一种模型构建方法及装置,该方法适用于机器学习,该方法包括:获取M个商户聚集区域中各个商户聚集区域在P个不同时间段内的P组原始数据,以得到M*P组原始数据(S101),再从各个商户聚集区域对应的各组原始数据中筛选出K种目标参数对应的目标数据,以得到M*P组目标数据(S102),将M*P组目标数据包括的每种目标参数对应的M*P个数据进行离散化处理后得到训练样本集(S103),最后基于训练样本集中的M*P个训练样本以及M*P组原始数据中的M*P个交易成功数量构建交易预测模型(S104)。采用所述方法,可以在特定的场景下构建交易预测模型,从而基于该交易预测模型预测城市中不同区域未来的交易成功数量。

Description

一种模型构建方法及装置
本申请要求于2019年6月18日提交中国专利局、申请号为201910529288.4、申请名称为“一种交易预测模型构建方法及装置”的中国专利申请的优先权,其全部内容通过引用结合在本申请中。
技术领域
本申请涉及计算机技术领域,尤其涉及一种模型构建方法及装置。
背景技术
目前,现有的预测模型主要有线性回归模型、卡尔曼滤波预测模型、投入产出预测模型、人工神经网络预测模型等。但在交易预测场景下,由于交易所涉及的数据庞大、且各种数据之间的关系未知,故现有的预测模型不能应用在交易预测场景下预测交易数量。
发明内容
本申请实施例提供一种模型构建方法及装置,可以在特定的场景下构建交易预测模型,从而基于该交易预测模型预测城市中不同区域未来的交易成功数量。

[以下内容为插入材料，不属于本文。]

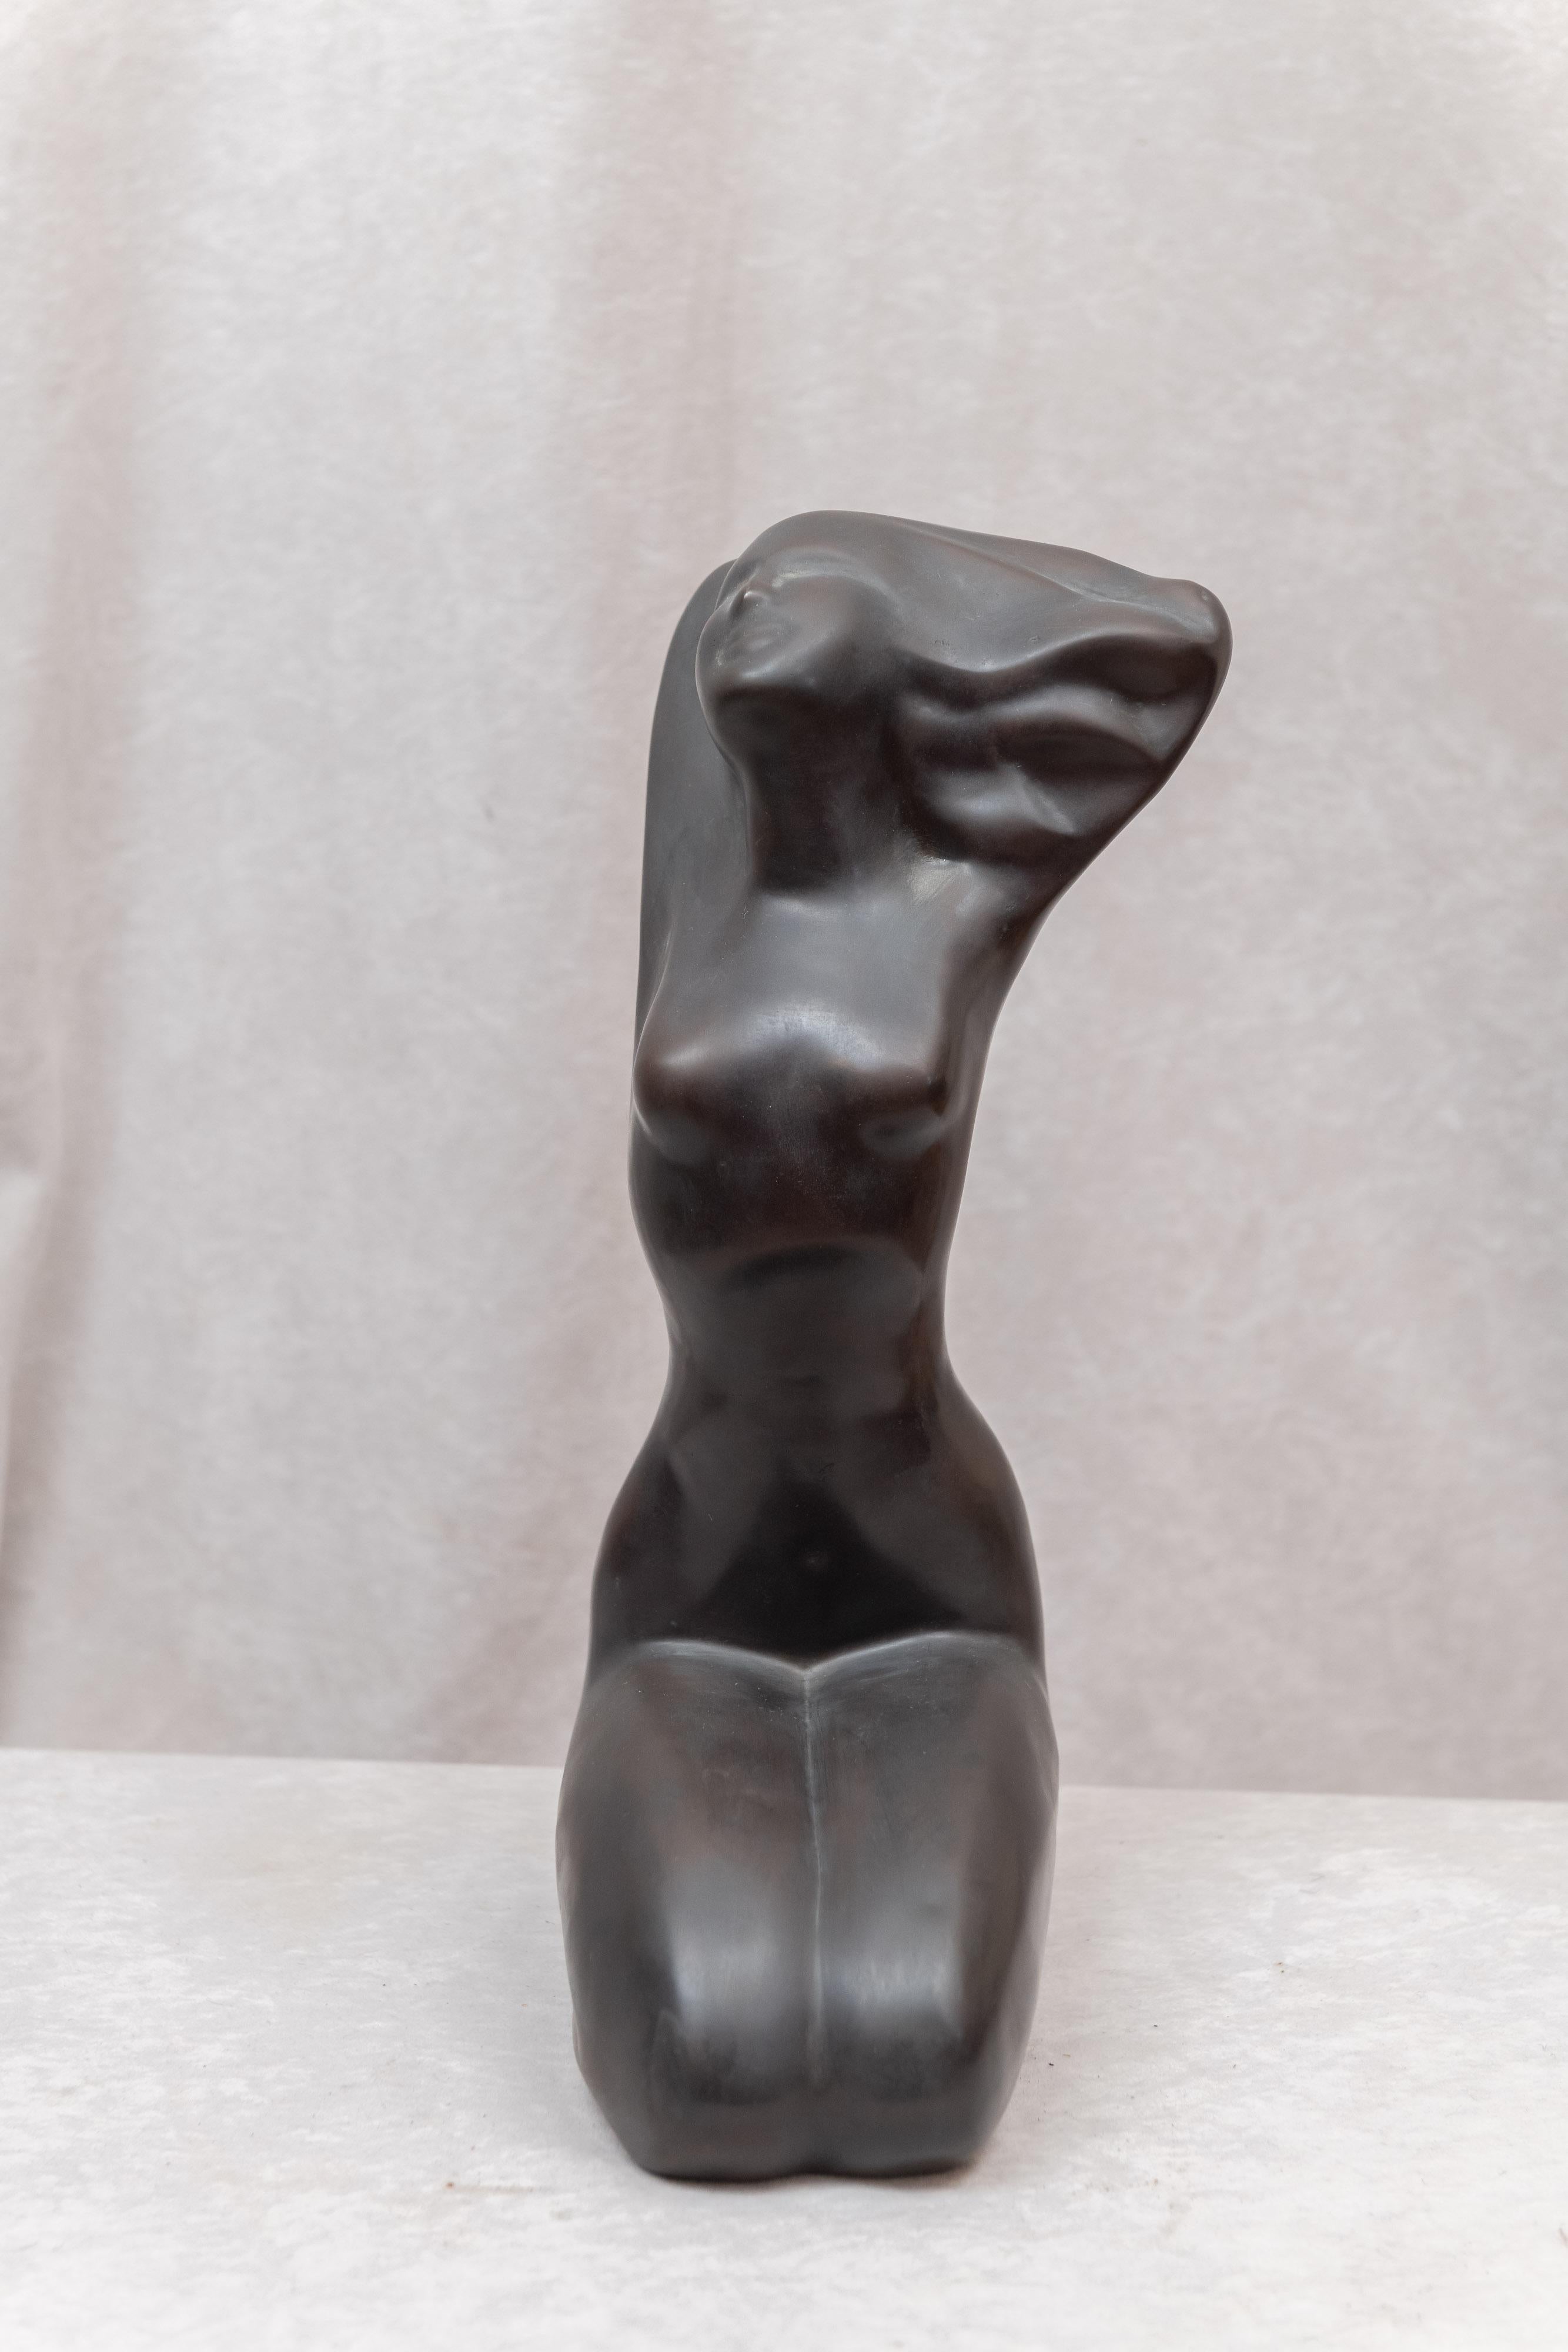 We are bronze dealers, and we normally have well over 100 bronze sculptures in our shop. We rarely carry this genre of sculpture, however this one caught our attention. We believe it was done in the late 1940s and was made here in the U.S.
The

第一方面,本申请实施例提供了一种模型构建方法,该方法包括:
获取M个商户聚集区域中各个商户聚集区域在P个不同时间段内的P组原始数据,以得到M*P组原始数据,其中,一个时间段对应一组原始数据,每个商户聚集区域对应P组原始数据,每组原始数据包括至少一种商户参数和至少一种交易参数,该交易参数中至少包括交易成功数量,每组原始数据中包括的商户参数和交易参数的数量之和为N;
从各个商户聚集区域对应的各组原始数据中筛选出K种目标参数对应的目标数据,以得到M*P组目标数据,各组目标数据包括的K种目标参数相同,K小于或等于N-1;
将该M*P组目标数据包括的每种目标参数对应的M*P个数据进行离散化处理后得到训练样本集,该训练样本集中包括M*P个训练样本,每个训练样本包括该K种目标参数对应的数据离散化后的特征,该K种目标参数中包括商户数量、商户比重、交易申请数量、交易取消数量以及交易趋势中的一种或者多种;
基于该训练样本集中的M*P个训练样本以及该M*P组原始数据中的M*P个交易成功数量构建交易预测模型,该交易预测模型用于基于目标商户聚集区域在第一时间段内的一组目标数据预测该目标商户聚集区域在该第一时间段之后的第二时间段内的交易成功数量。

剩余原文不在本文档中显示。